La majorité des dieux et déesses sont morts de leur belle mort et sont entrés au cabinet des curiosités. Pourquoi diable croit-on dur comme fer que "son" dieu est bel et bien réel au sens propre du terme. Les trois monothéismes mènent bien leur bal dans l'espace universel: chaque divinité a bel et bien sa configuration propre et sa ligue de théologiens qui ne tiennent pas de discours identiques. Comment peut-on prétendre qu'il n'y a qu'une seule divinité? Est-ce, à chacun son affairisme religieux. Mais alors, ce n'est que du subjectif implanté par quel subterfuge ou magie enveloppant l'esprit au point de tout obscurcir.

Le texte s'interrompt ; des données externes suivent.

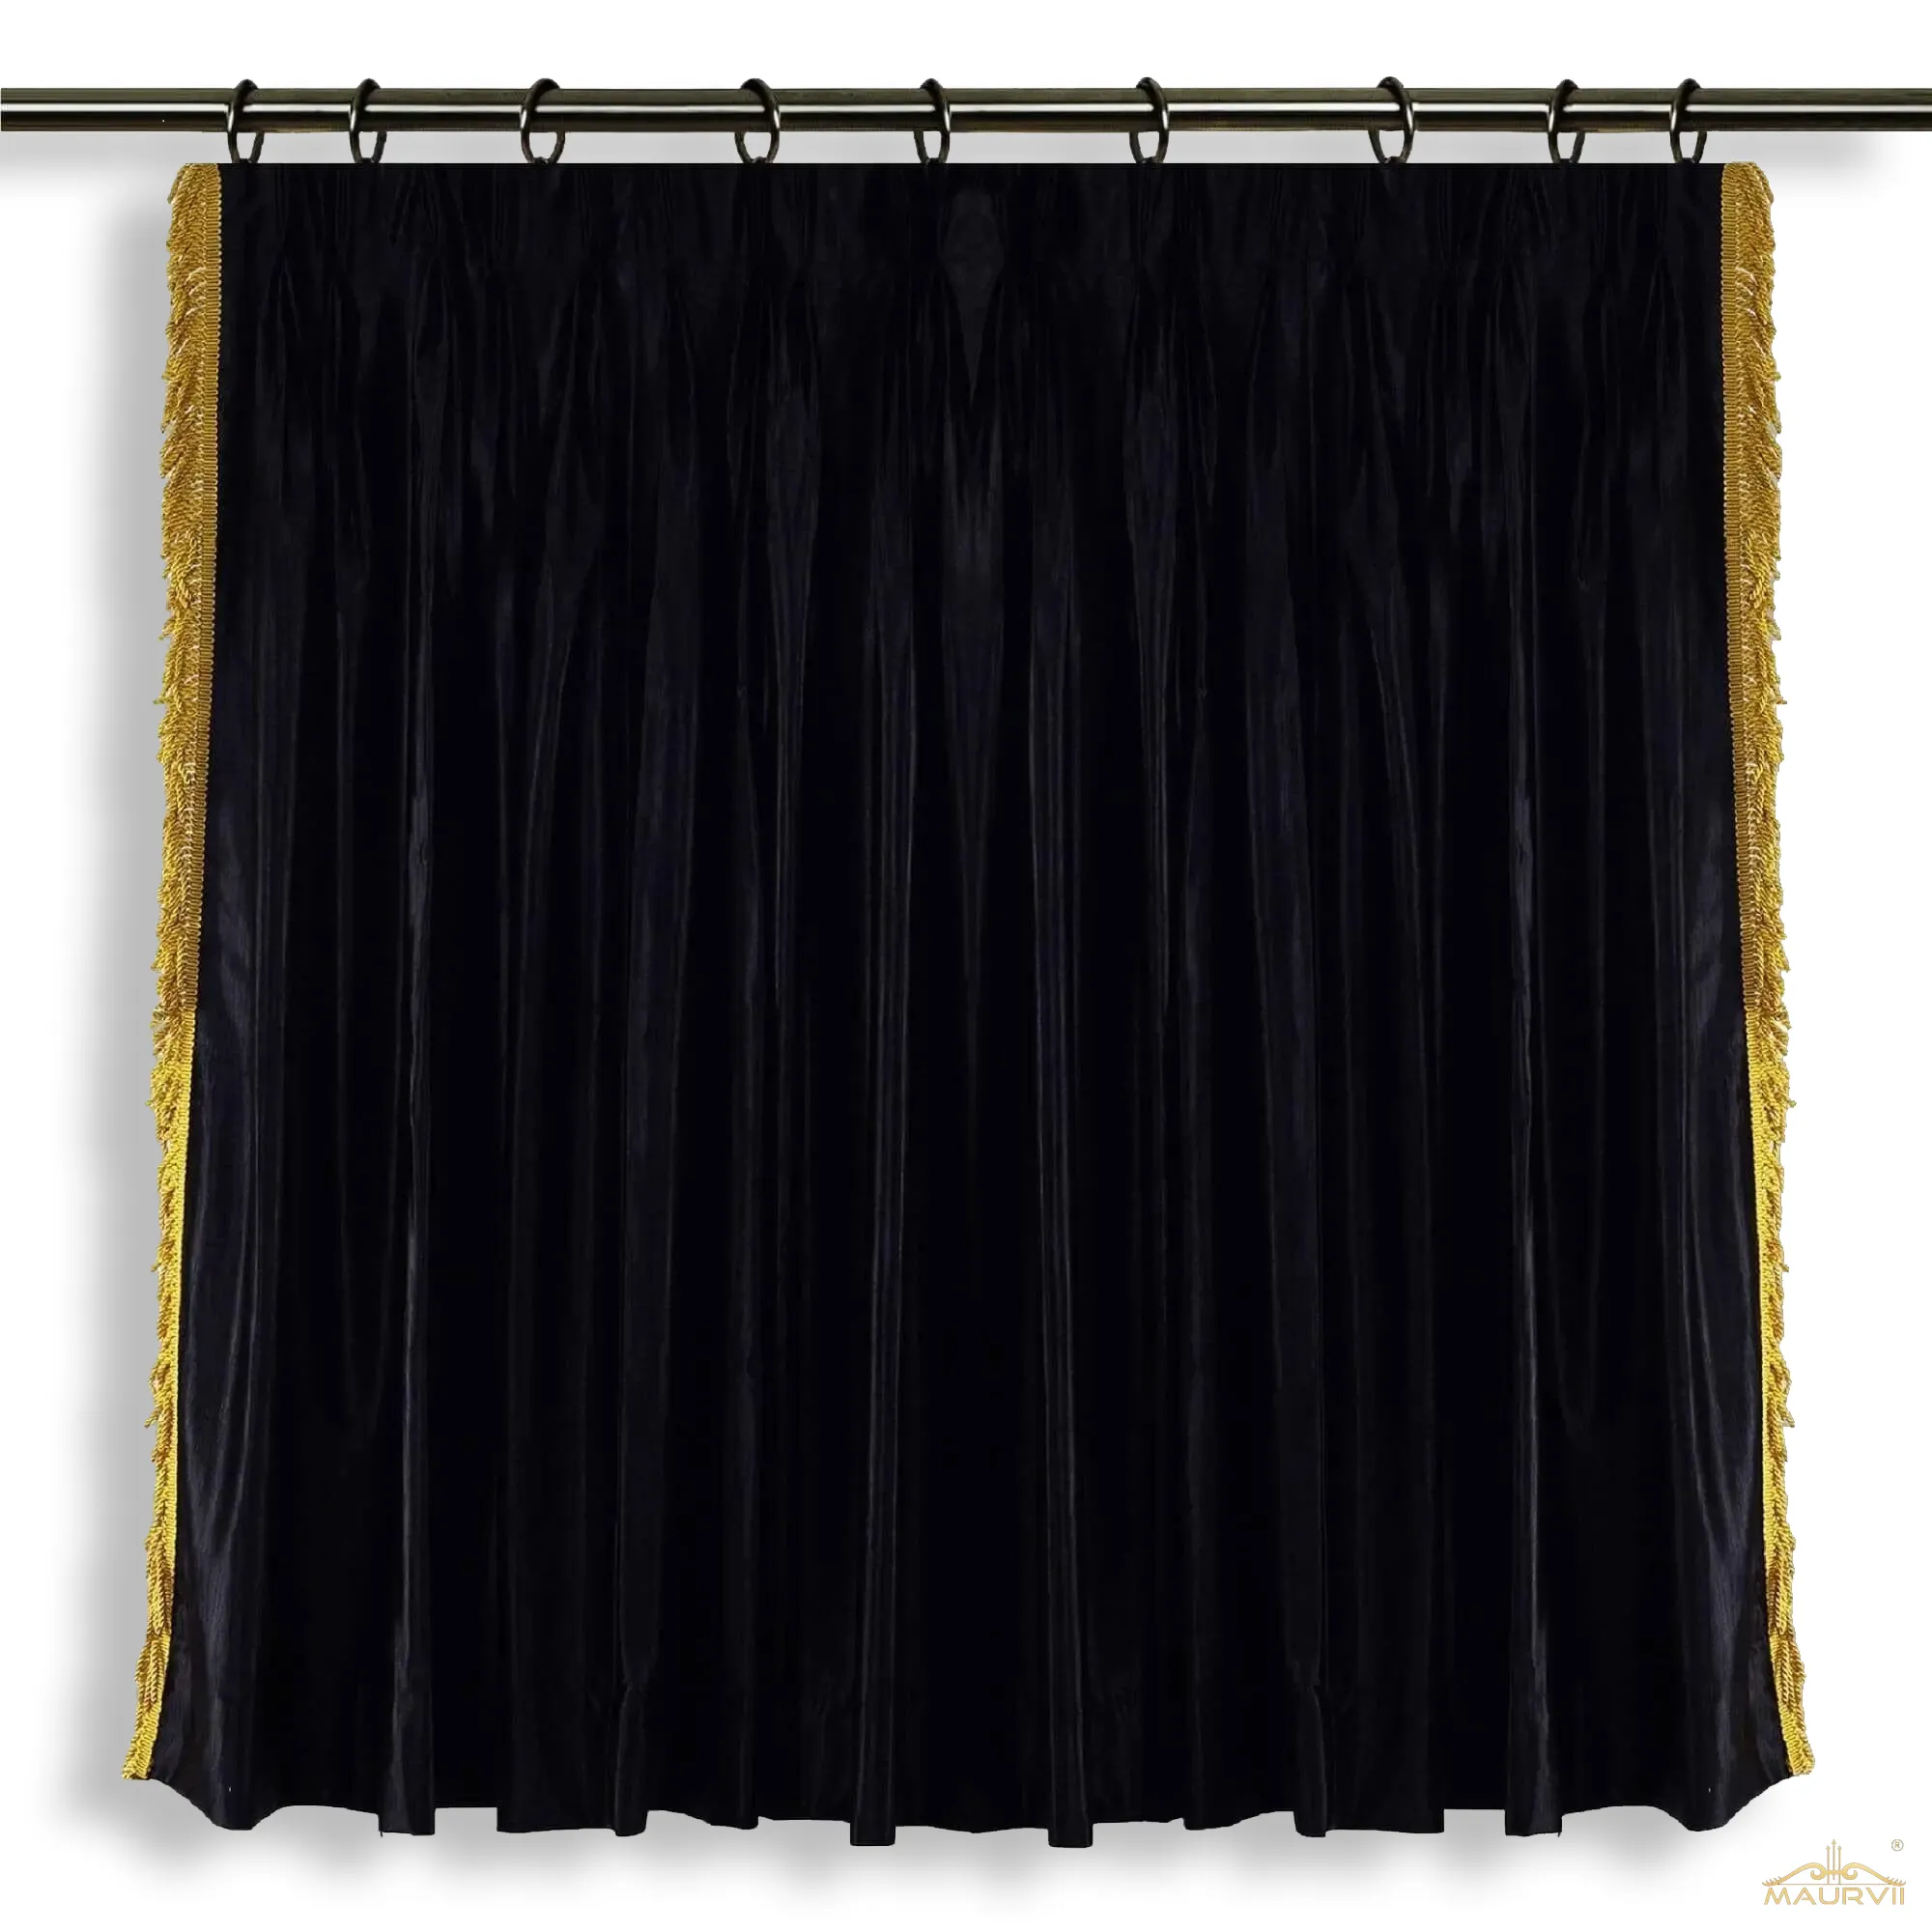 Black lace curtains with golden fringe

Le croyant aurait-il peur de prendre toute la distance que la pensée peut générer et vraiment s'interroger? Ou ira-t-il se réfugier dans un cerveau inventé par un autre à telle période dans tel contexte et tel espace et telle culture? Et alors, quel critère utilisé pour choisir? Oh! parce qu'il a dit de belles choses! Pourquoi diable ne faites-vous pas de même. Oh! parce que c'était quelqu'un de bien selon untel et untel; et regardez, il a laissé tel écrit, telle parole, et même il a dit que le monde était ainsi et ainsi. Etc. Etc. Mais alors pourquoi pas Shakespeare ou Cervantès, ou Dante, ou, ou, ou vous-mêmes. Oh! je ne suis pas grand chose! Mais qui vous a fait croire cela? Mais c'est quelqu'un qui a tout un rang social, qui a de l'autorité! Mais de quelle autorité parlez-vous alors que vous affirmez que vous êtes une personne souveraine et que vous êtes prête à définir une charte des droits (parce que vous vous y rattachés )... Et ainsi, la conversation se poursuit jusqu'à tard dans la nuit des temps, les questions surgissant au fur et à mesure que le feu intérieur rejaillissait... à poursuivre un autre jour.